代々木にある某著名予備校に通っていたが、受講している時間よりも、パチンコをしている時間の方が長かった。いや、パチンコの合間に勉強している不埒な受験生であった。

そのことは分かっていたが、パチンコを止める決断は、その年の年末になるまで出来なかった。それも受動的であった。朝からパチンコをやっていた私は、代々木の地元のパチンコ屋の常連たちに疎まれていた。なにせ、あの頃は一日5万近く稼いでいたので、いささか勝ち過ぎであったからだ。

その常連と、彼らと仲がイイ店員に裏の倉庫に連れ込まれ、少し焼きを入れられた。幸い、受験仲間が表で騒いでくれたので、特段怪我はしなかった。それでもパチンコを辞める決断をするには十分な体験であった。

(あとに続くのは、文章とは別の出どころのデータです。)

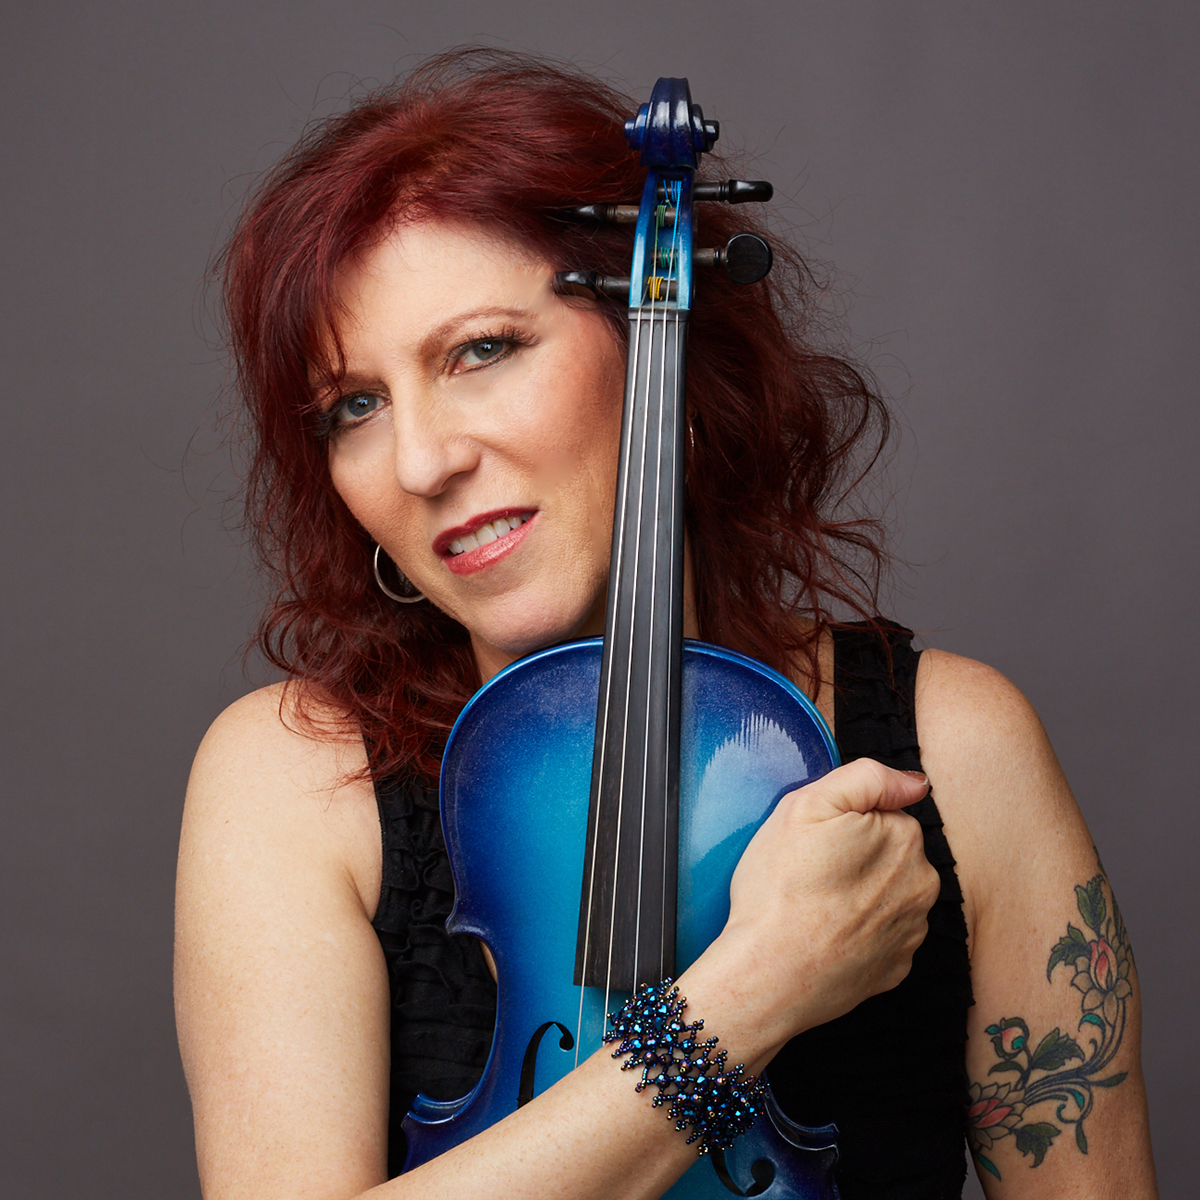 Deni Bonet with her arm around a blue violin

あのことがなかったら、私は大学受験に失敗を重ねて、浪人を重ねて挫折の人生を歩んでいたかもしれない。ギャンブル依存症は怖い。自覚があっても、自分では辞められない。

私はカジノ法案に賛成ではあるが、ギャンブル依存症の怖さを思えば、実効性のある対策を講じるべきだと思います。具体的にいえば、個人の自由を制約し、強制的な教育入院なども入れた是正措置です。

ギャンブルの依存症あるいは熱中は、他者からの強制なくして、辞めることは出来ない。稀に自身の意志で辞められる人もいるでしょうが、大半はそれが出来ない。敢えて個人の人権を制限しても、ギャンブル依存症に対する強制的な是正措置は必要だと確信しています。